### DIRECTIONS FOR THIS TASK
Output the listing exactly, without its pictures.

### DATA EXCERPT
--------------------------------------------------

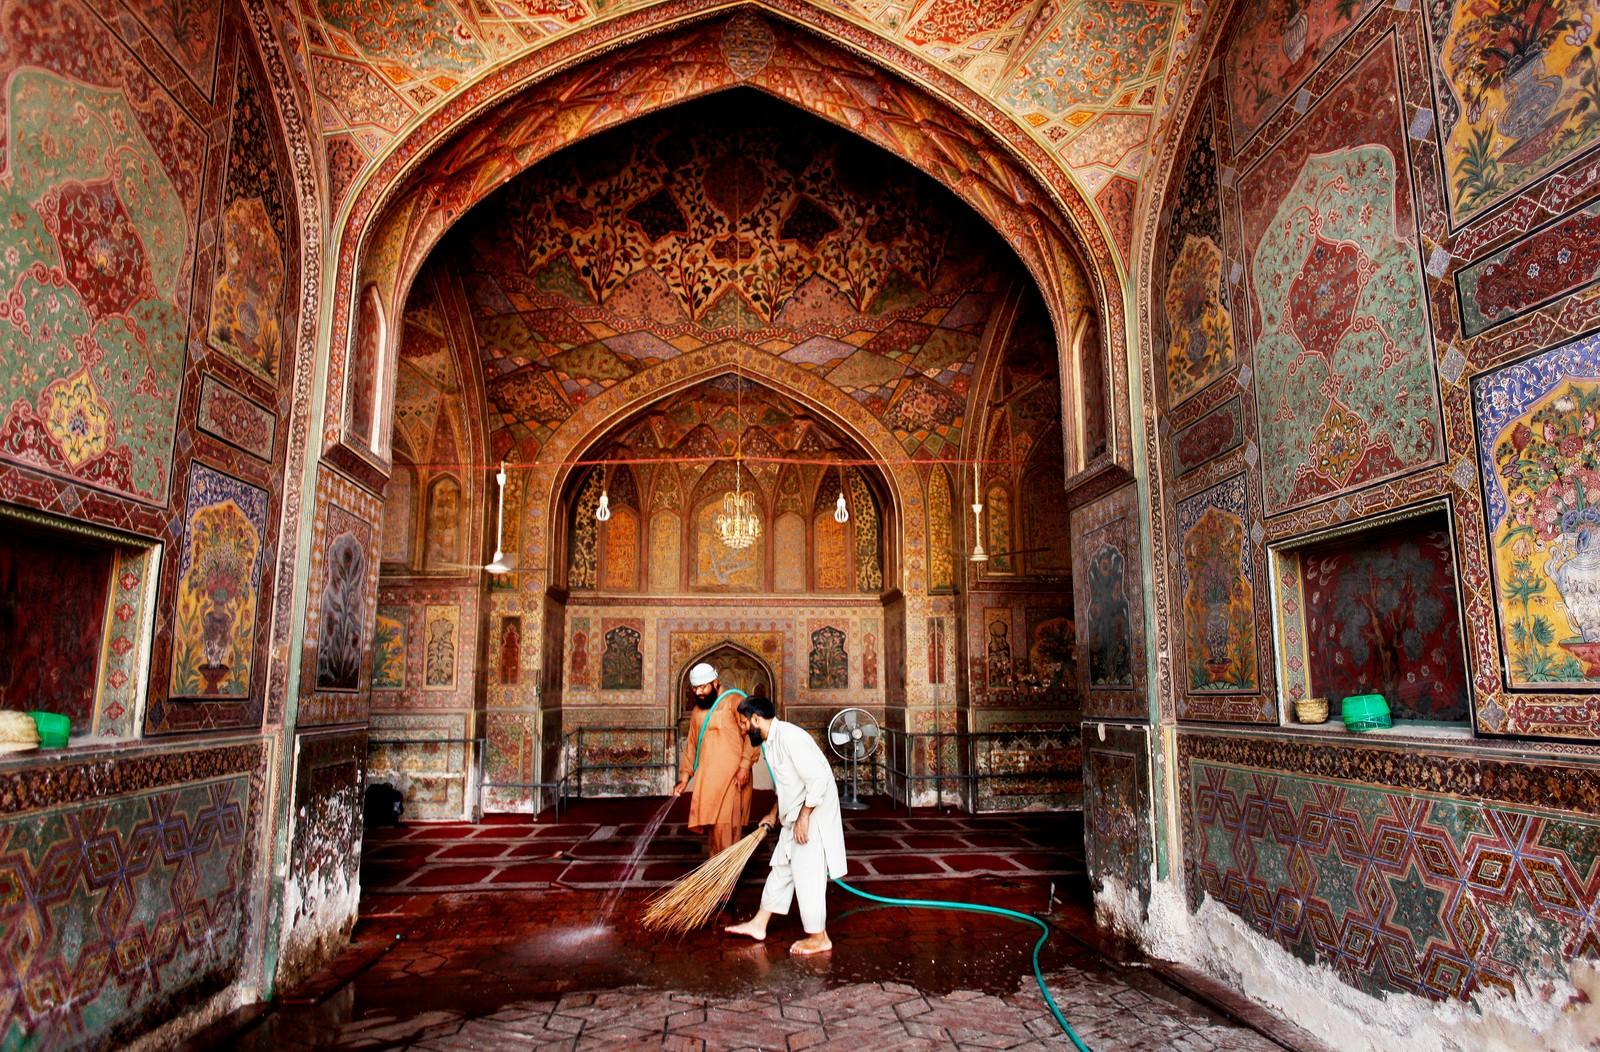 Gulvet i Badshahi-moskeen i Lahore i Pakistan blir vasket før fasten innledes.
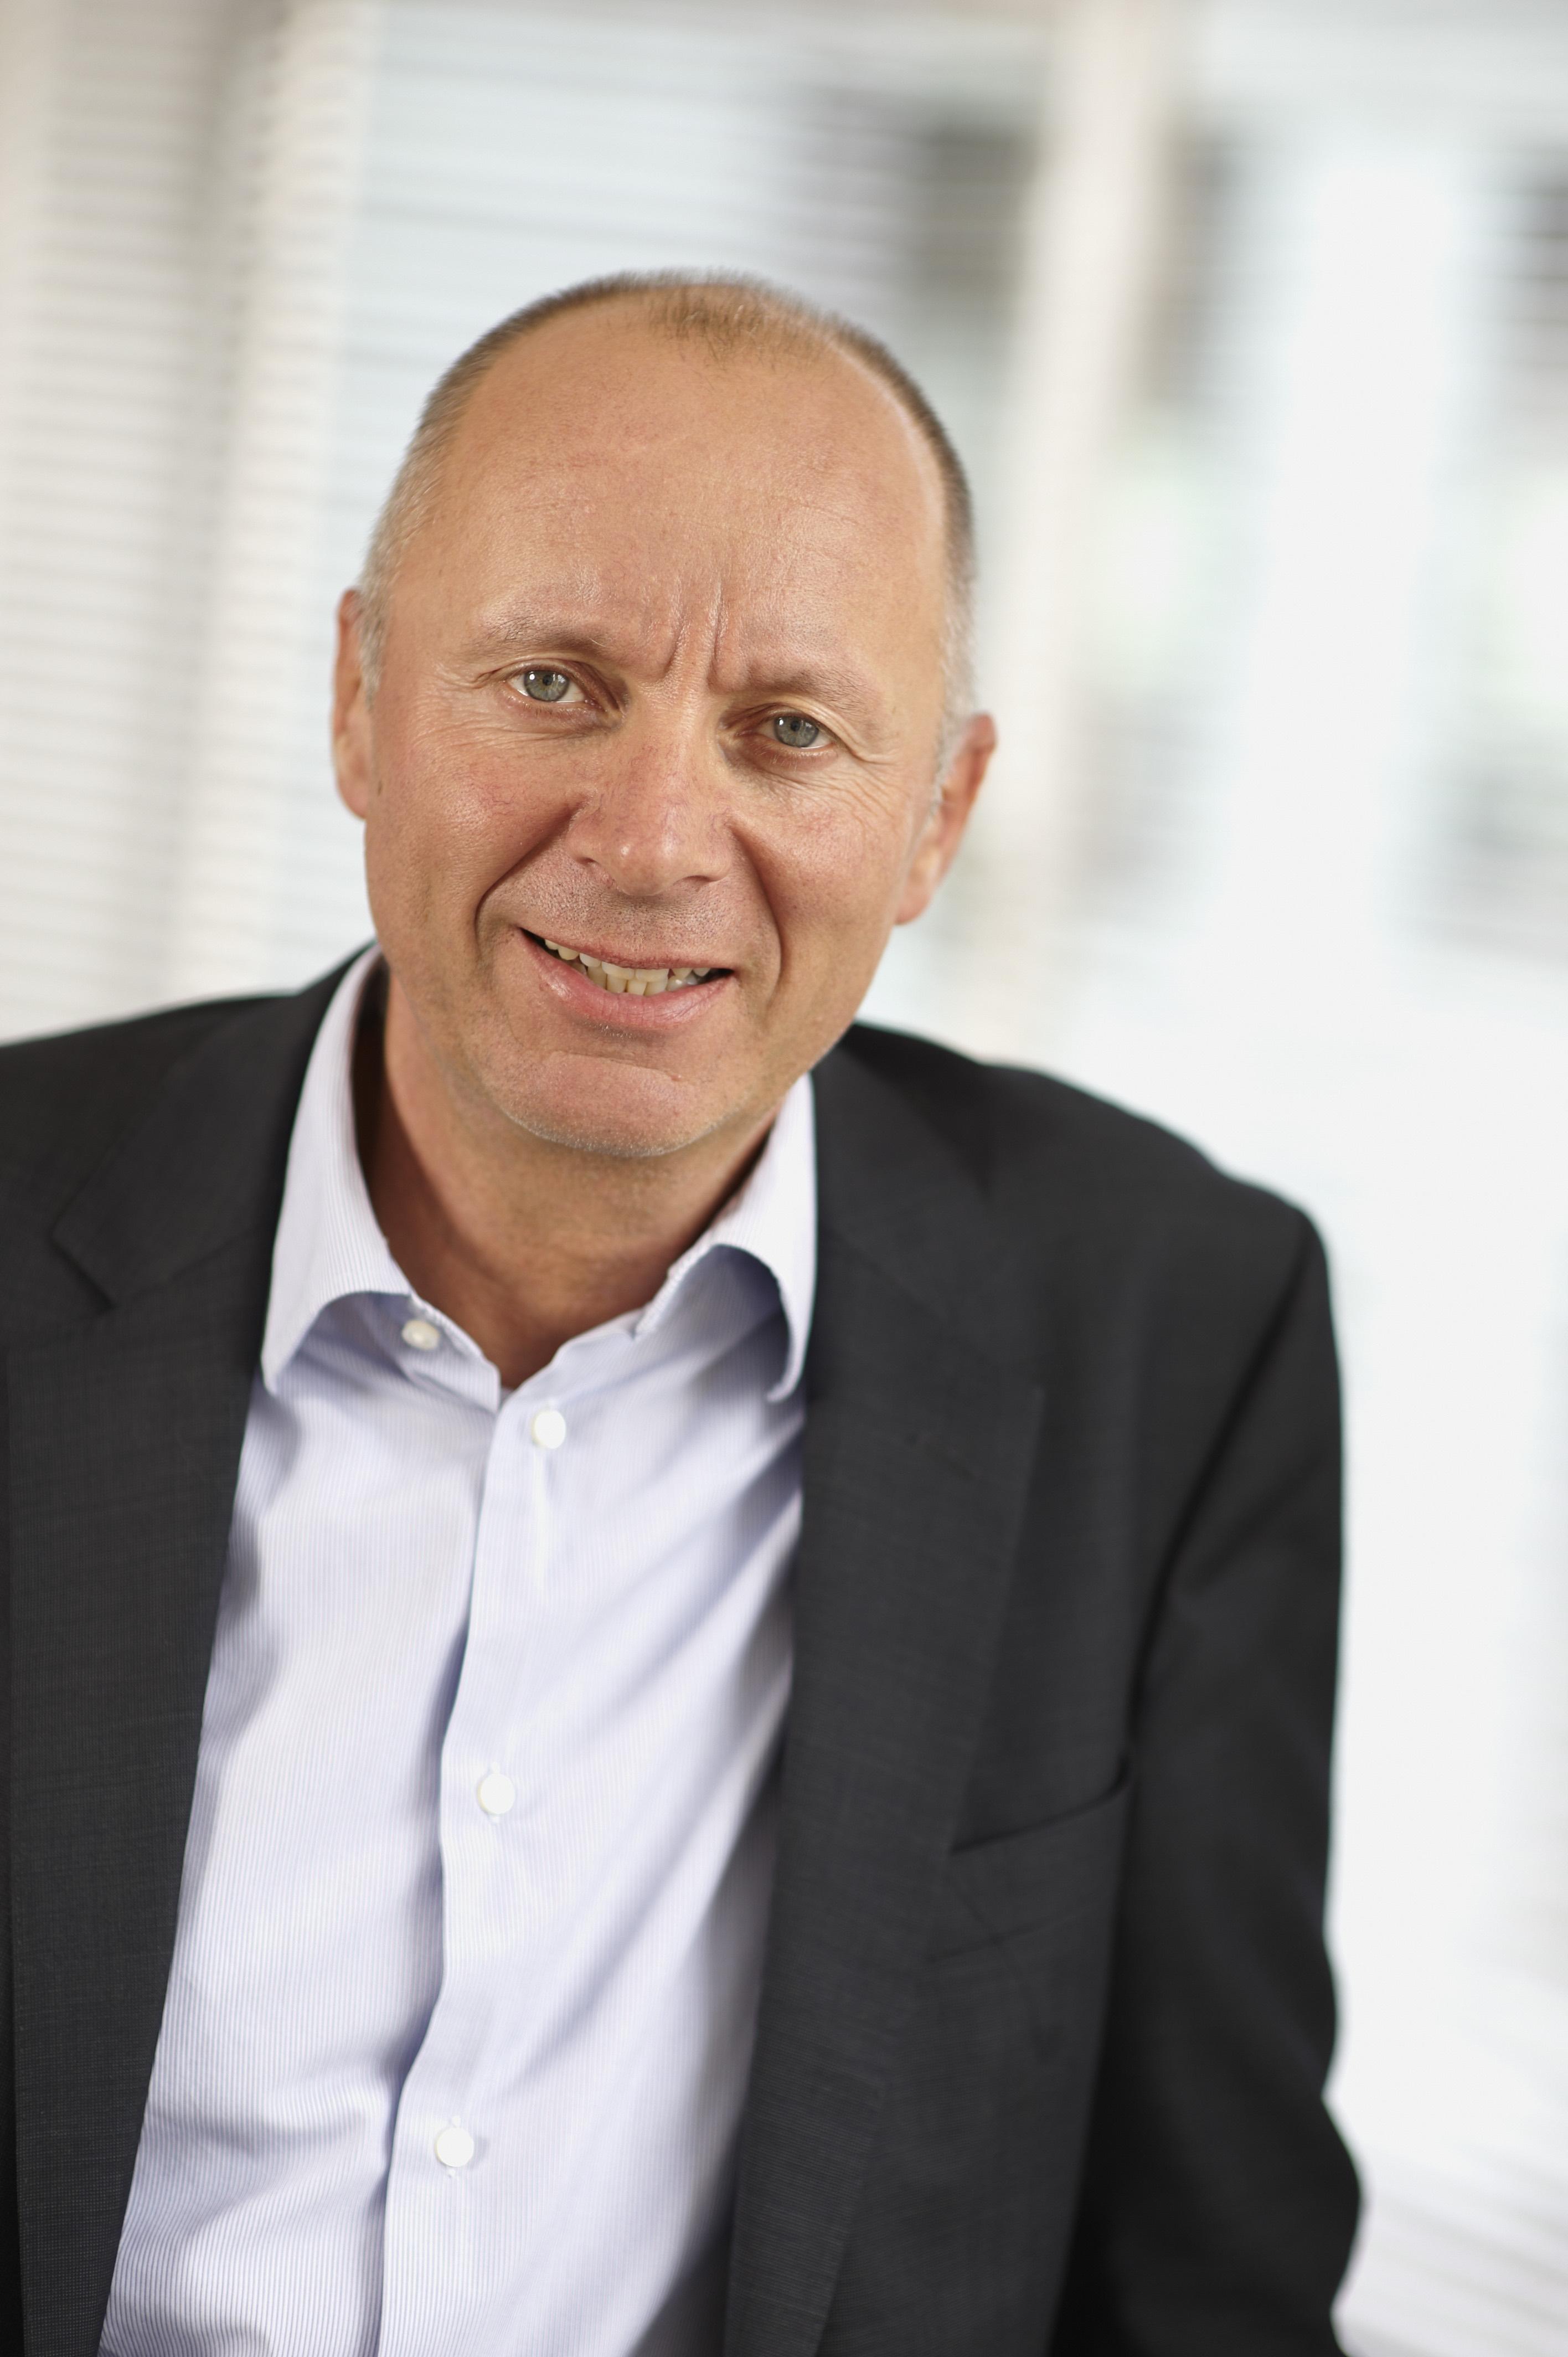 ONEtoONE-Geschäftsführer Johannes Jagusch
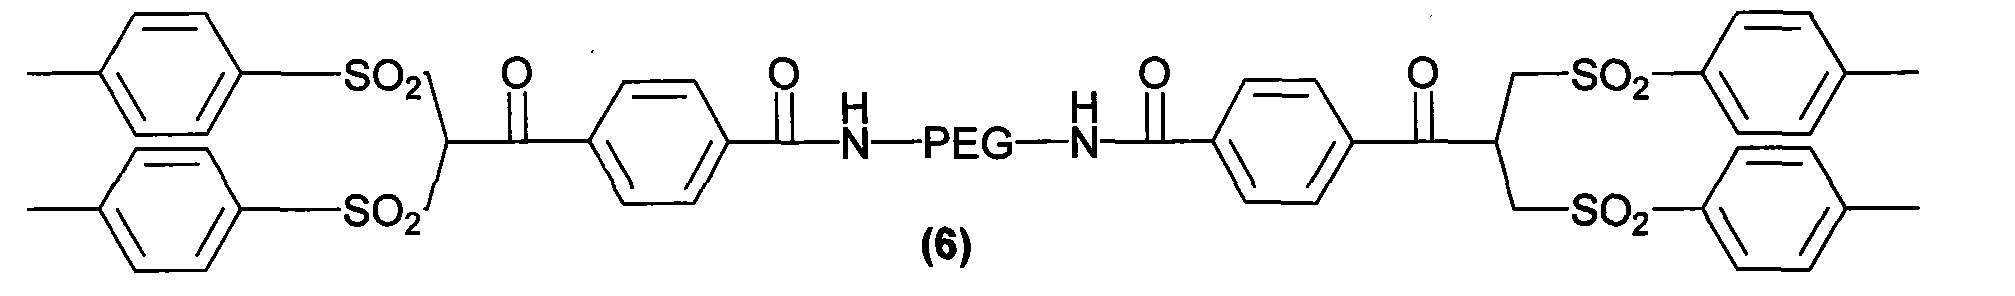 Figure CN101820920BD00221
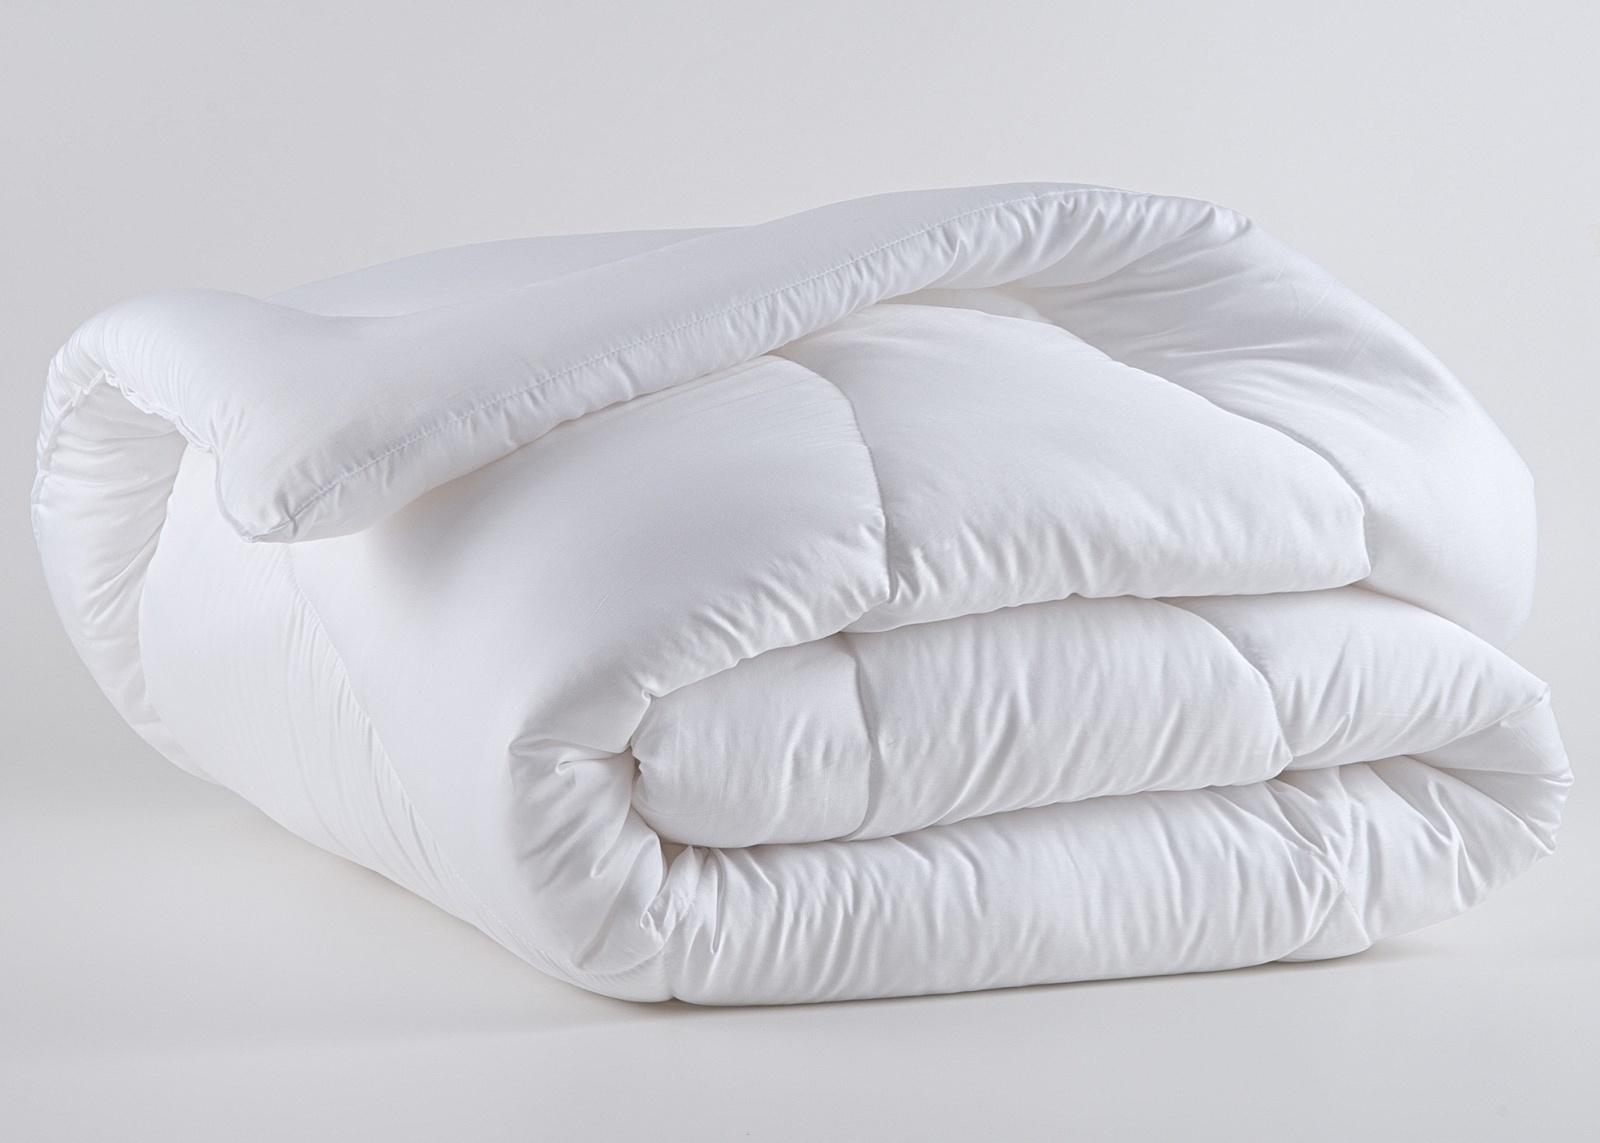 Básico, o edredom padrão casal é feito de algodão egípcio, com enchimento em poliéster. O item está à venda no Mundo do Enxoval (www.mundodoenxoval.com.br) | Consulte o fornecedor para outras informações

--------------------------------------------------

### SOLUTION FOR THIS EXERCISE
 Gulvet i Badshahi-moskeen i Lahore i Pakistan blir vasket før fasten innledes.
 ONEtoONE-Geschäftsführer Johannes Jagusch
 Figure CN101820920BD00221
 Básico, o edredom padrão casal é feito de algodão egípcio, com enchimento em poliéster. O item está à venda no Mundo do Enxoval (www.mundodoenxoval.com.br) | Consulte o fornecedor para outras informações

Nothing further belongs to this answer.